I had no patience left. “Fuck this.” I grabbed his wrist and yanked him into my room before kicking the door shut behind us. He had never been inside my room before.

Karter stayed quiet while his eyes tracked over the empty walls and the single cheap duffel bag in the corner.

“This is it,” I said. I struggled to keep my voice steady. “This is everything I have to lose.”

Karter held his ground. “You think I don’t know that?”

“Do you?” I stepped closer to him. “Because guys like you have no idea what having nothing actually looks like. One mistake means I go back to exactly where I started. You think you’re a fun distraction for me?” I scoffed. “You’re a damn risk.”

I fully expected him to look around my empty room and run. I stood still and waited for him to back away, but he refused to move.

“You are full of shit,” Karter said quietly. “You are using this room as a massive excuse.”

Pride kept my feet firmly on the floor. “It is my reality.”

“It is a wall. You want me to look around and feel sorry for you,” Karter said. He closed the remaining distance between us. “Or do you want me to get scared and bolt?”

“You should bolt,” my voice dropped to a low warning.

“I am not going anywhere.” Karter poked a finger at my chest. “You’re just terrified because you actually want me.”

A hot spike of panic flared behind my eyes. He found the one truth I had spent weeks trying to avoid, making the tiny room feel suffocating.

Desperation forced my hands up. Grabbing the front of his shirt, my momentum drove him backward until he slammed hard against the closed door. The cheap wood rattled under his weight.

He did not even try to fight back. Hands relaxed at his sides. Waiting. The same way he’d waited on the bus with his teeth sunk into my palm, trusting me to finish what I started.

That thought should have satisfied me. Instead, it made confusion and frustration burn at the back of my throat.

His eyes locked on mine, then my gaze dropped to his mouth. For one insane second, leaning in and kissing him seemed like the only logical next step.

Sanity violently kicked back in. Shaking my head to break the trance, my grip tightened on his shirt. Dragging him forward just enough to clear the doorframe, my hand reached around him to turn the knob. I ripped the door open and shoved him backward into the hallway.

“Get out.”

Karter caught himself against the far wall.

“Aleks.” That nickname again, nothing else.

The sound of it hit harder than his finger poking at my chest ever had.

No one called me that. Not my mother, not Perez, and not anyone who’d ever mattered enough to try.

Karter had been doing it for weeks now, slipping it in like he had some claim to it, and I’d never once told him to stop.

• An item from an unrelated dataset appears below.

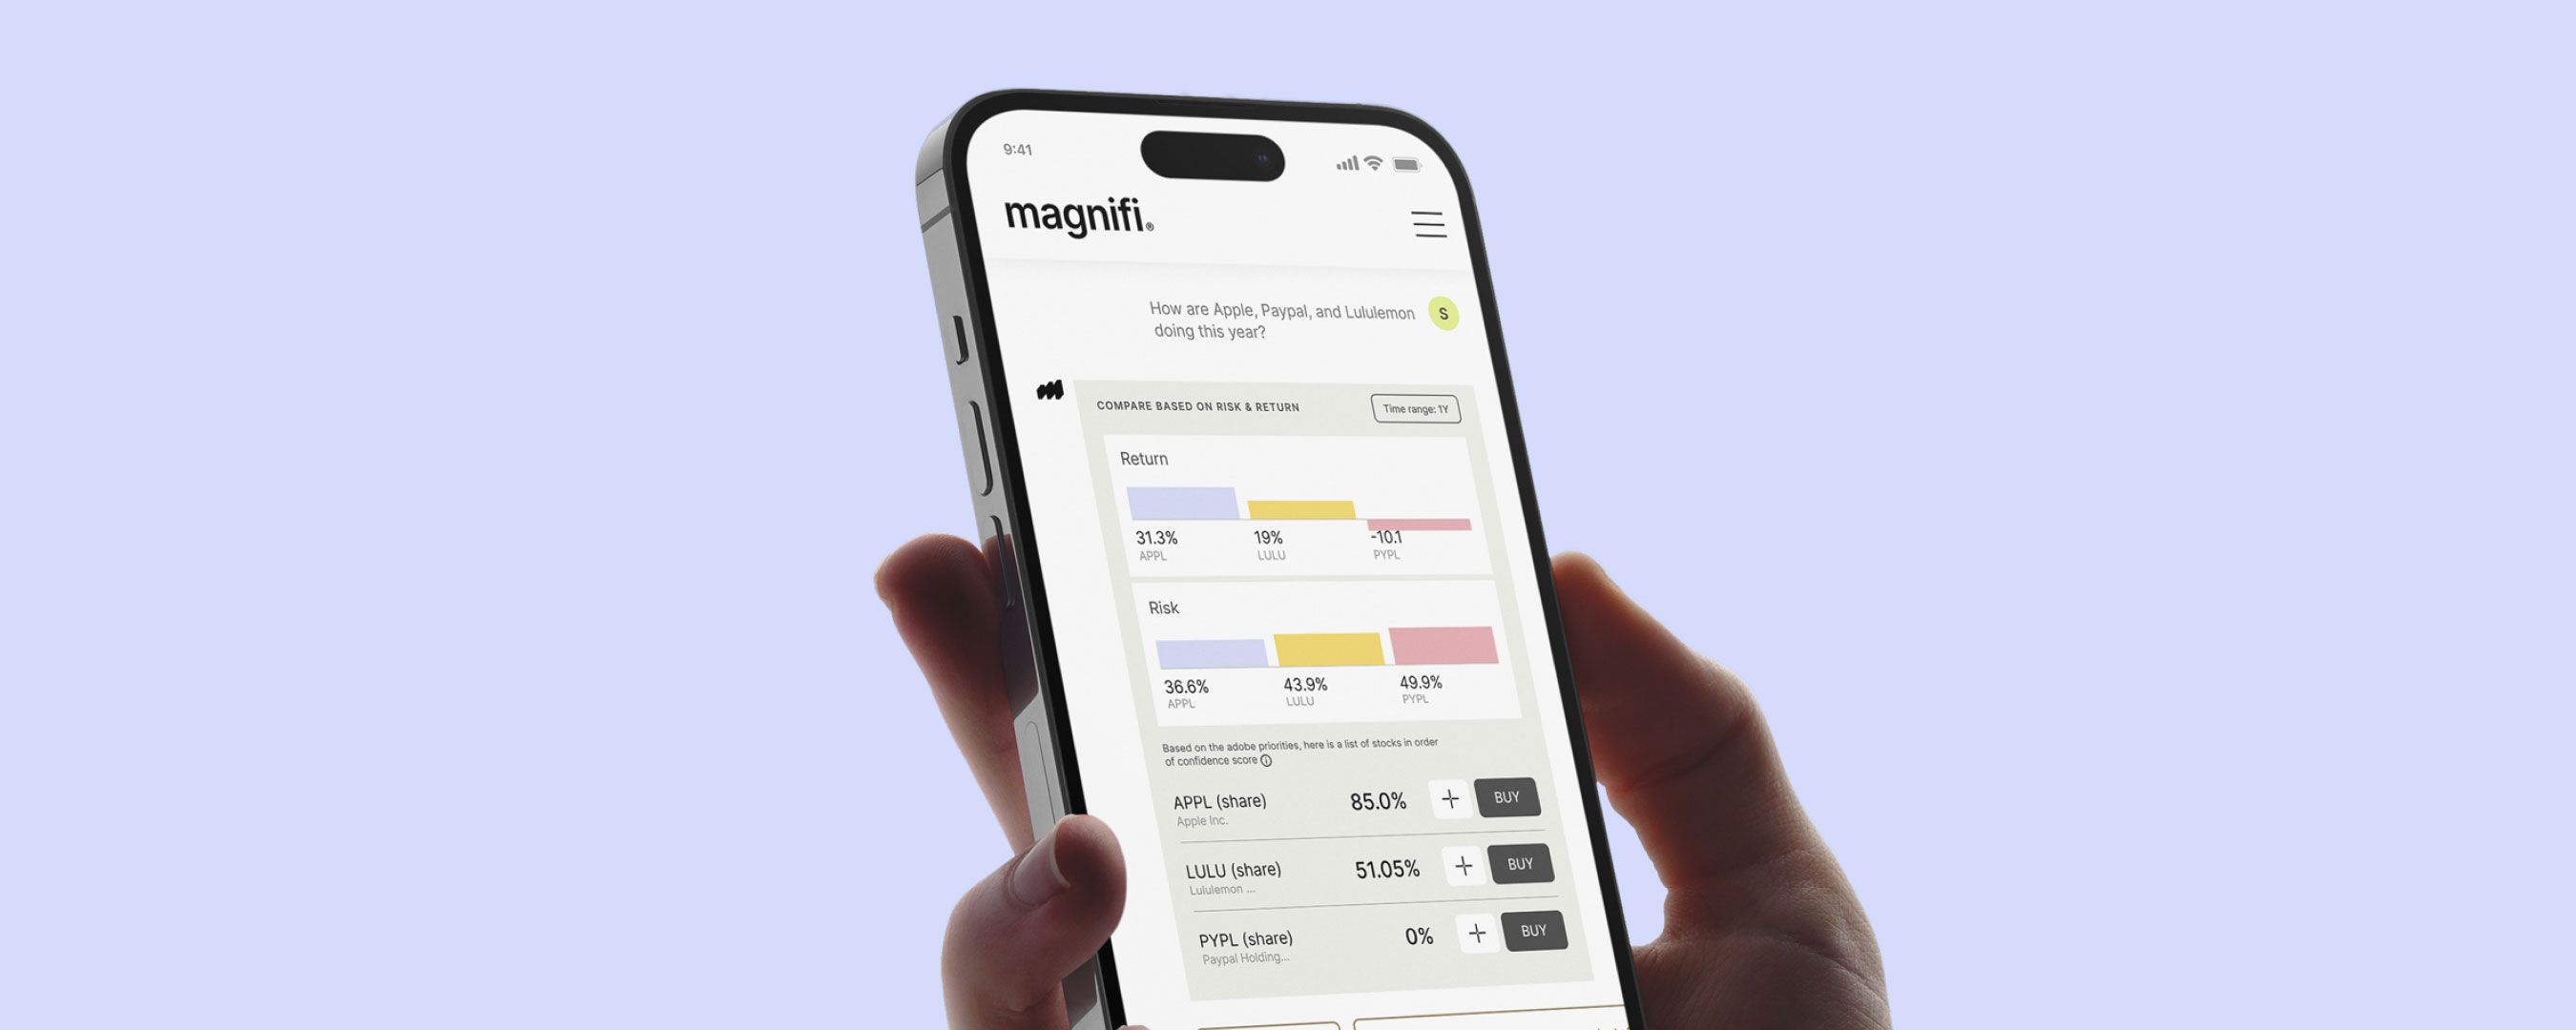 Magnifi app featuring comparison of investments

“Don’t.” The word came out strangled.

“Then stop making me.” Karter pushed off the wall, steadying himself. “Stop shoving me out of rooms every time I get too close to the truth.”

The door slammed shut between us.

As I slumped back against the solid wood, I let loose a breath at the sound of his retreating footsteps echoing down the hall.

Karter was absolutely right—I wanted him. And knowing that terrified me a hell of a lot more than losing my place on the team ever did.